- _Data in this exercise_

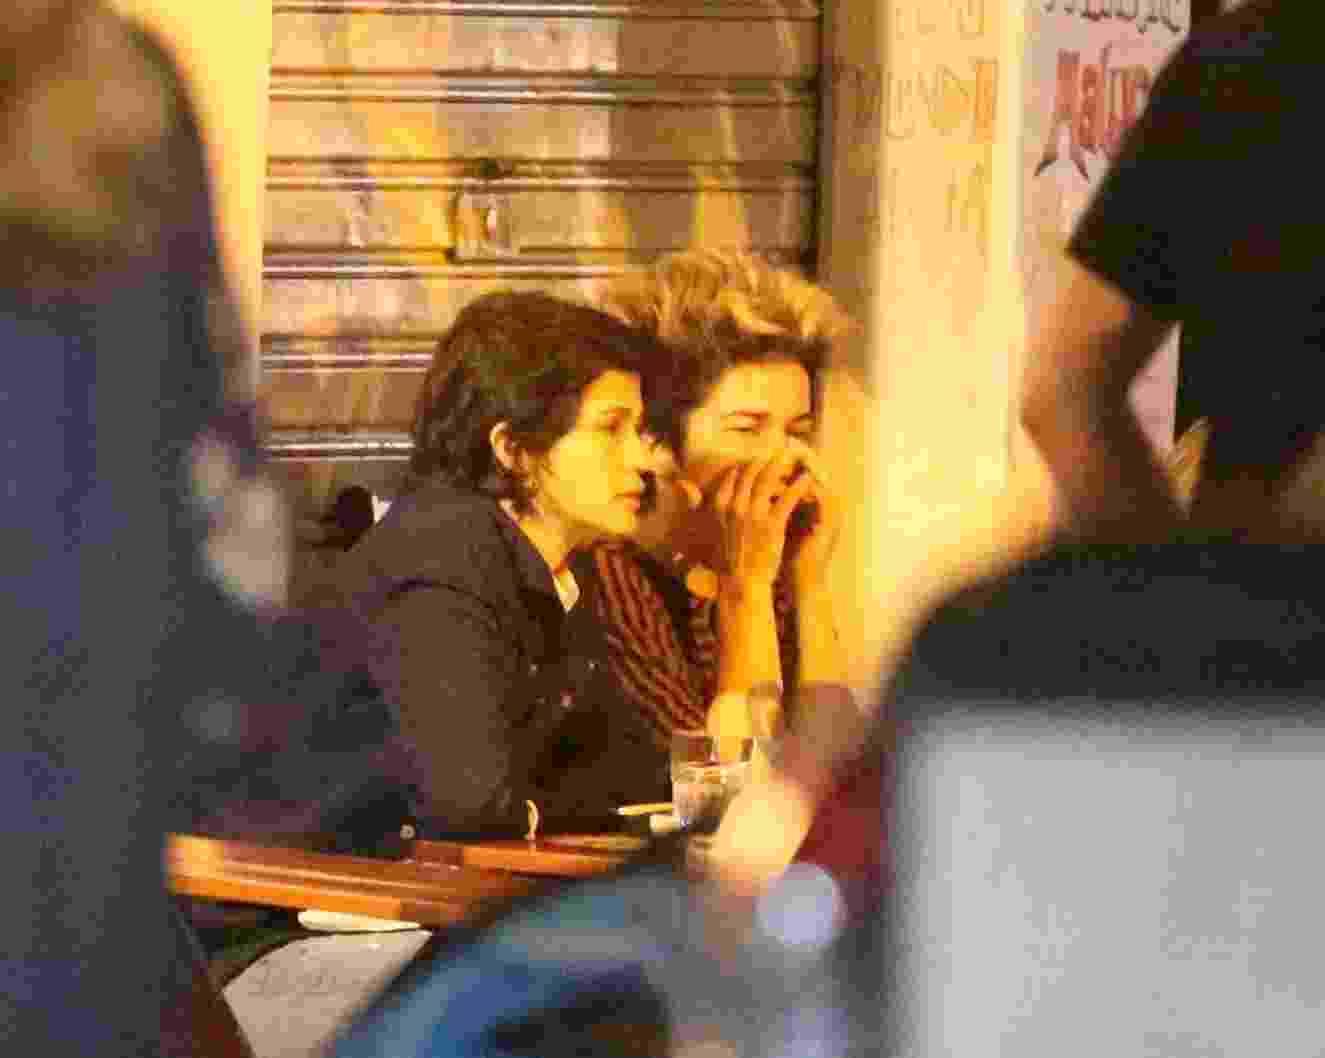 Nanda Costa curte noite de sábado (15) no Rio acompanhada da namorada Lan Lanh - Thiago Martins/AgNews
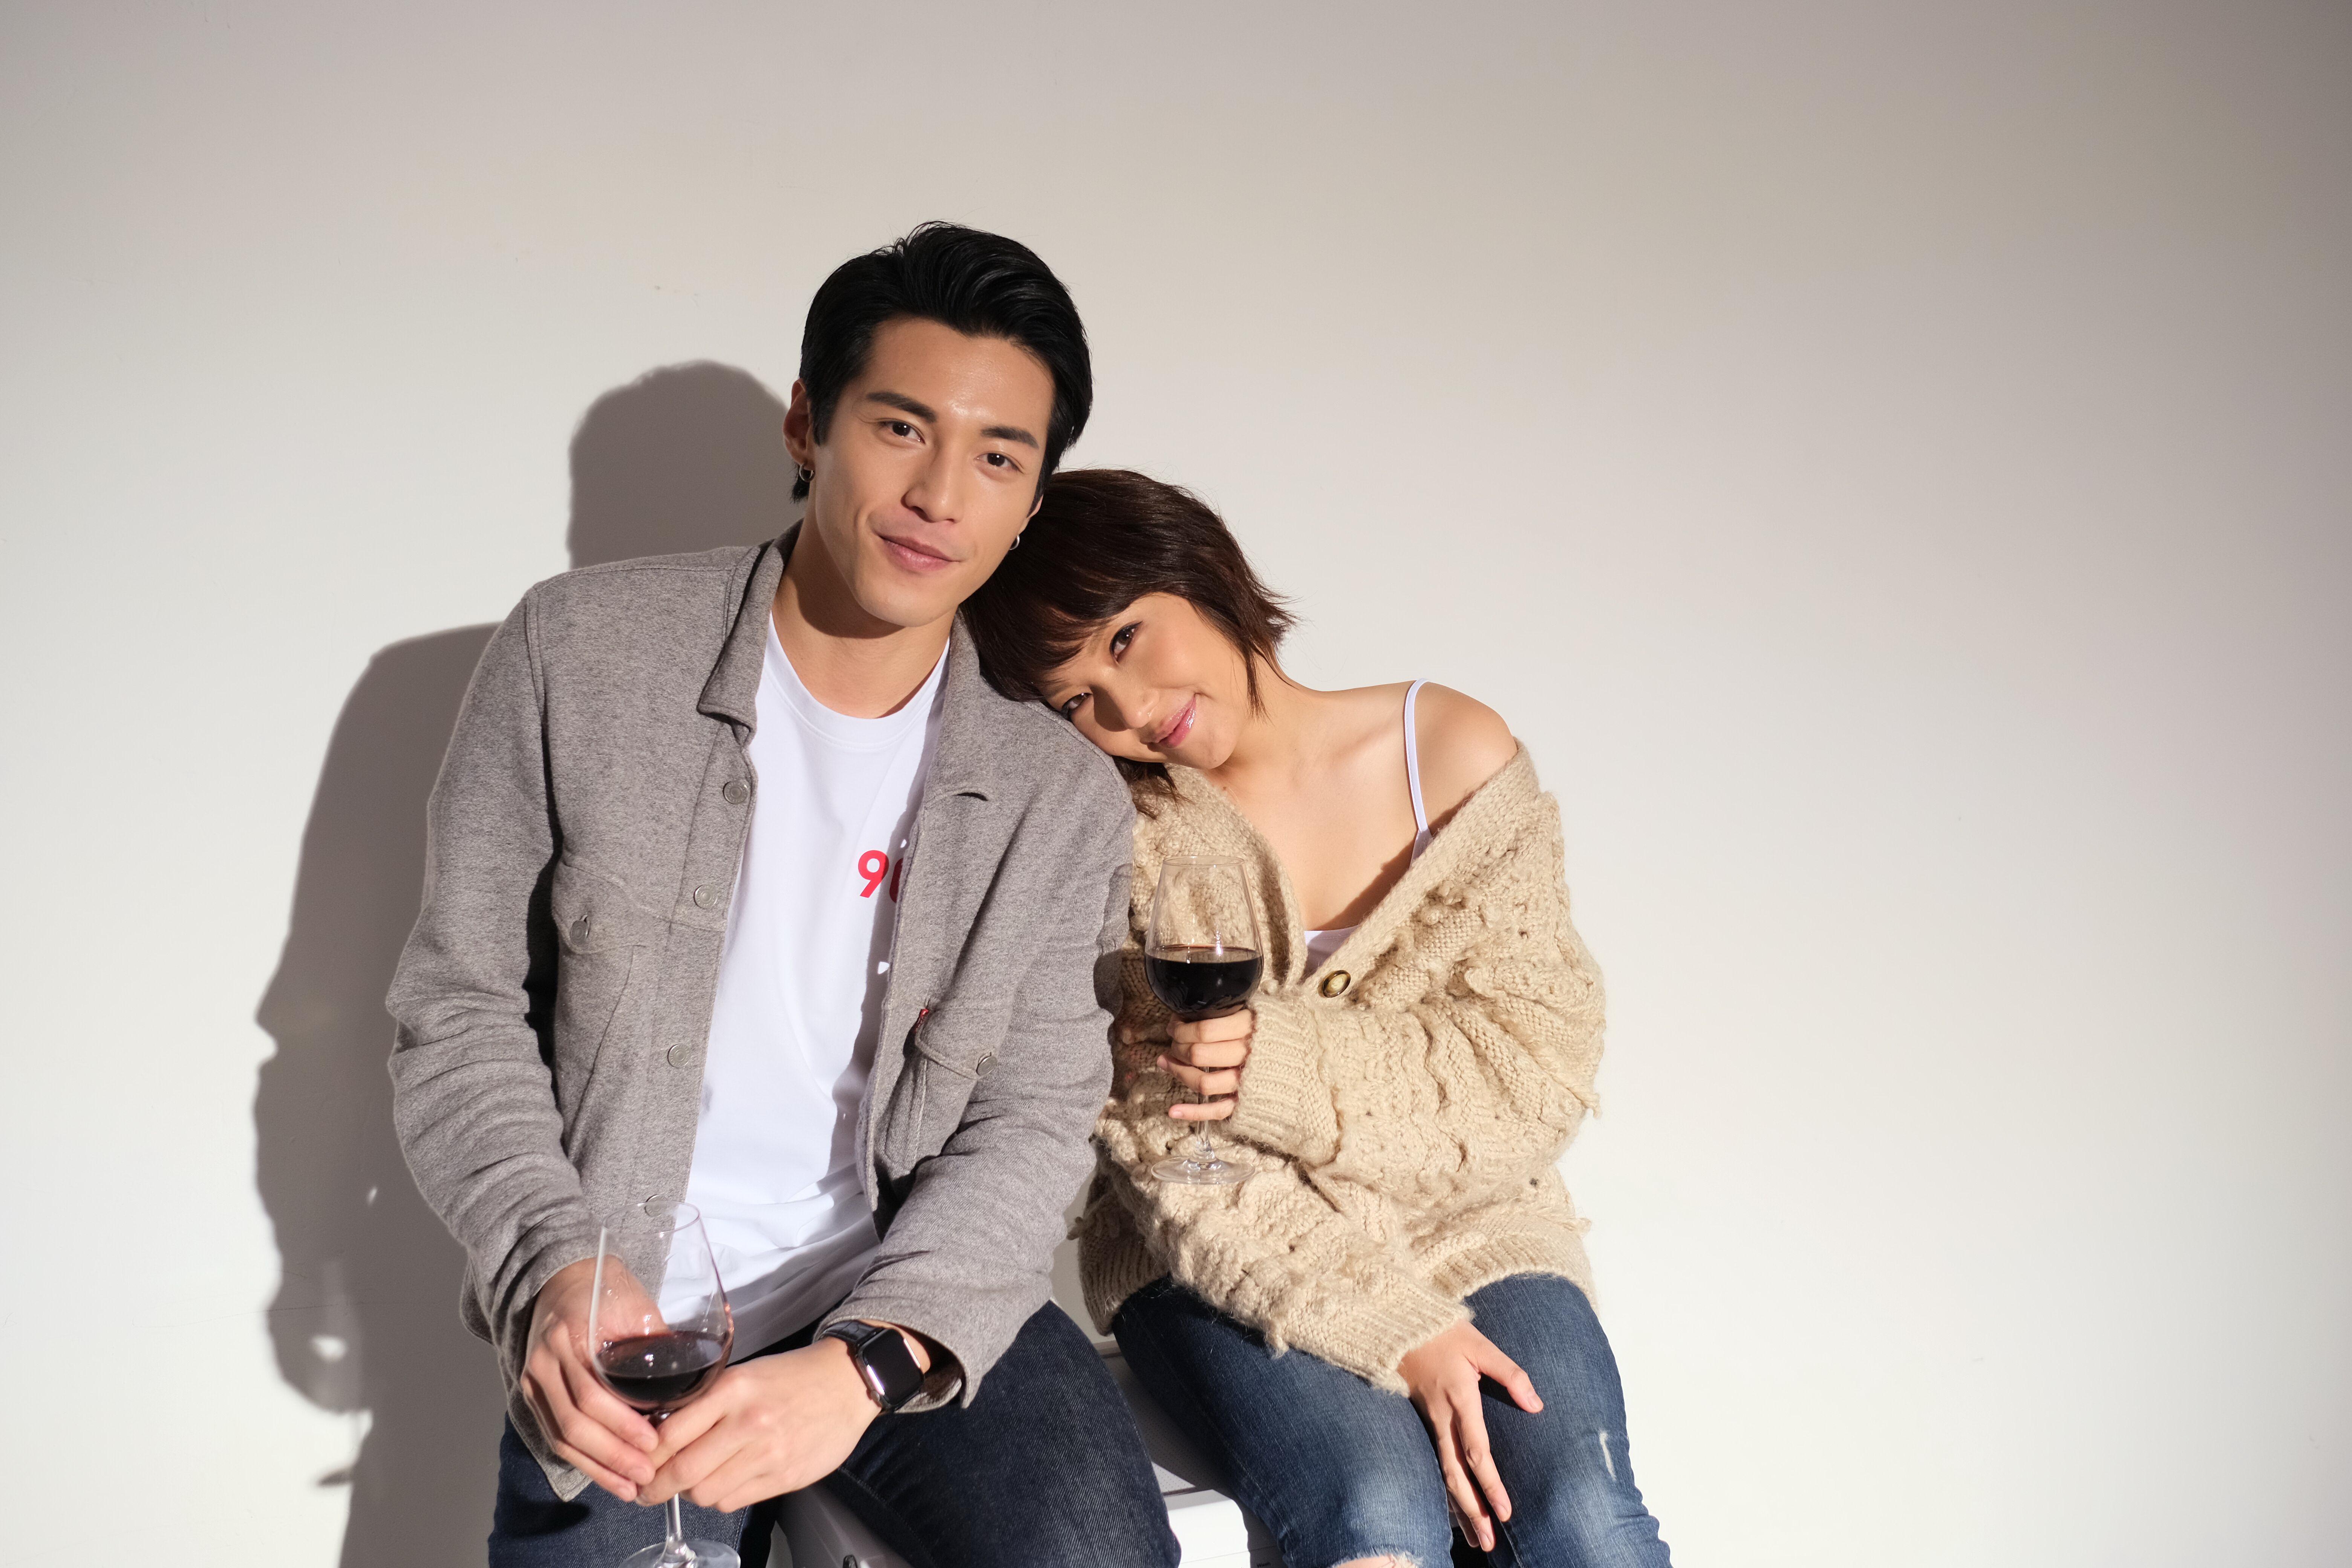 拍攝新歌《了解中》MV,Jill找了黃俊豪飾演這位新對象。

* * *

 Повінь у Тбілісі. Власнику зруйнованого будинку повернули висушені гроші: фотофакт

---

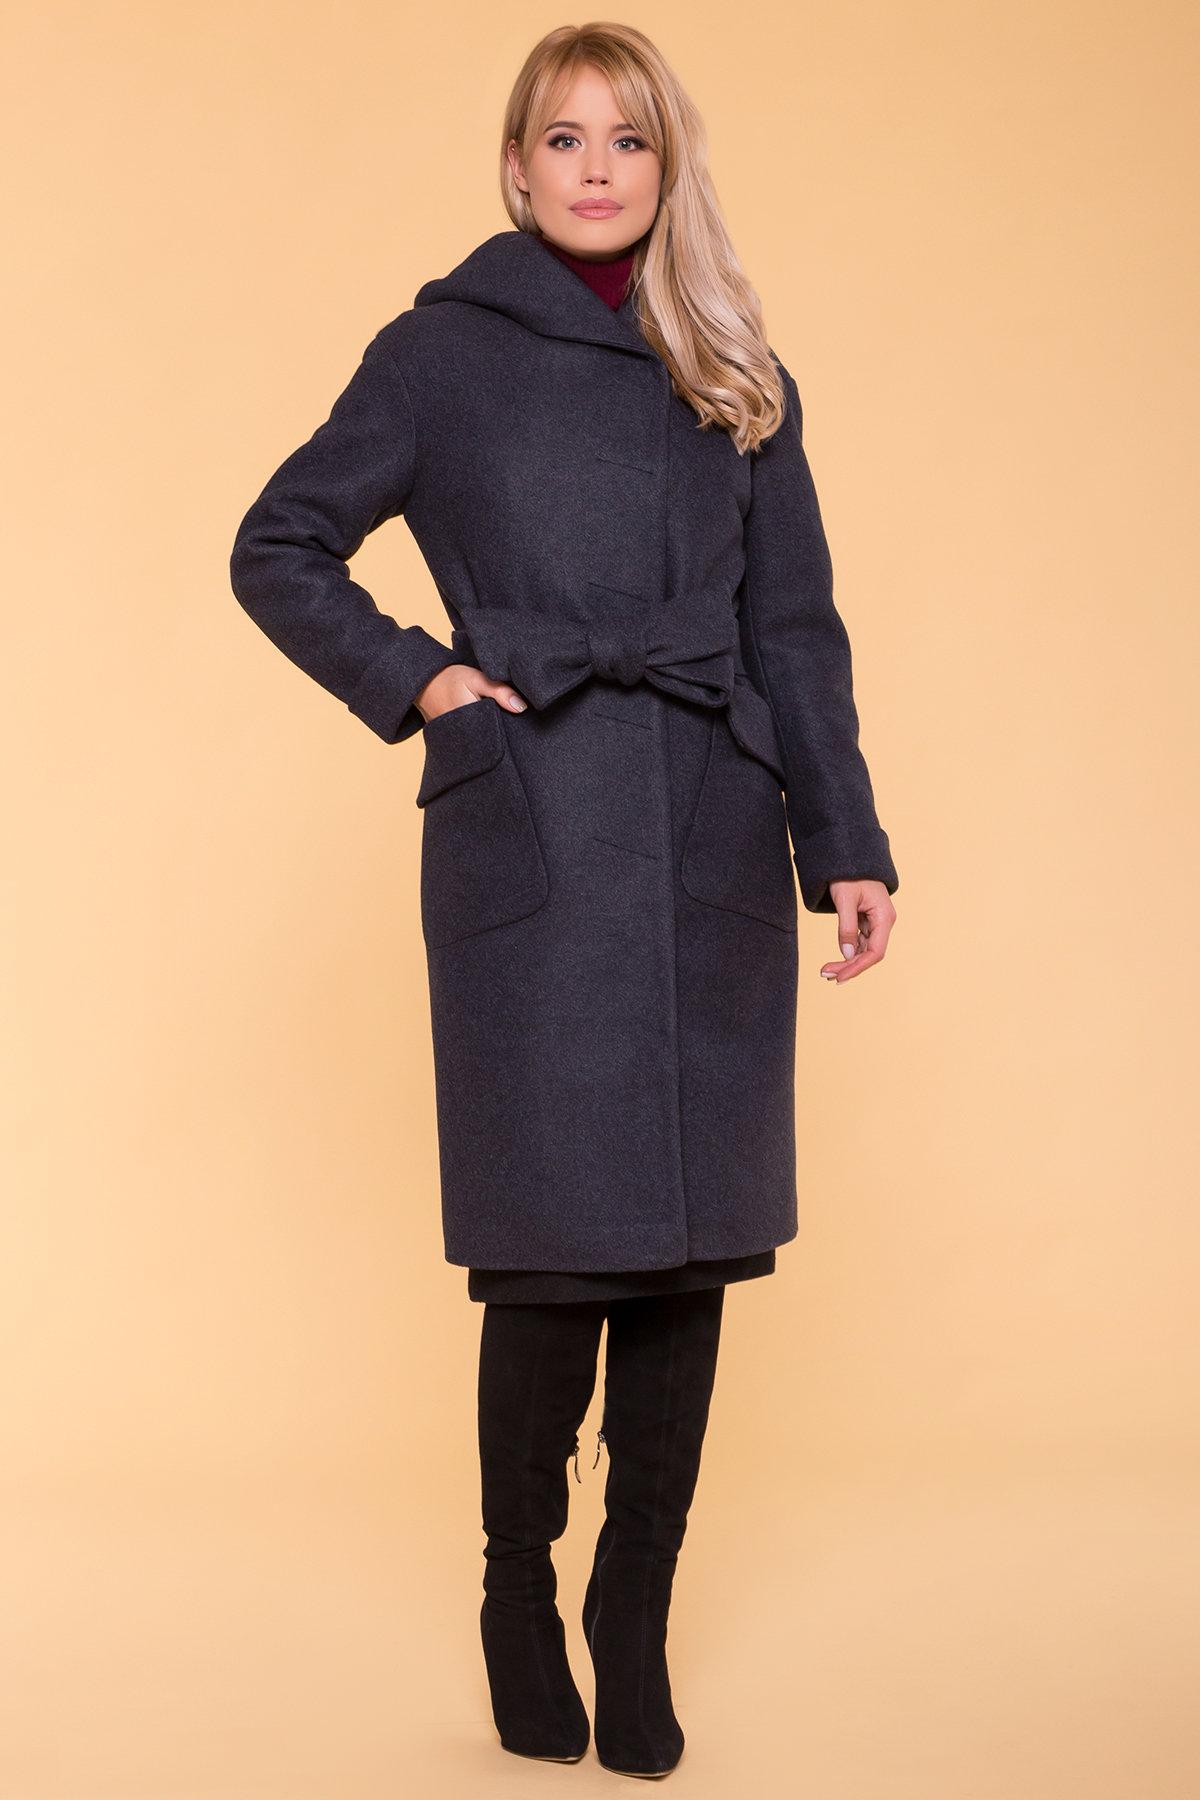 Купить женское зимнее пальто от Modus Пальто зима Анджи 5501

- _Required action_
Exercise for the records above: copy only the lines from the one with "Nanda Costa curte" to the one with "拍攝新歌《了解中》MV,Jill找了黃俊豪飾演這位新對象。", both ends kept, and drop the pictures.

- _Response box_
 Nanda Costa curte noite de sábado (15) no Rio acompanhada da namorada Lan Lanh - Thiago Martins/AgNews
 拍攝新歌《了解中》MV,Jill找了黃俊豪飾演這位新對象。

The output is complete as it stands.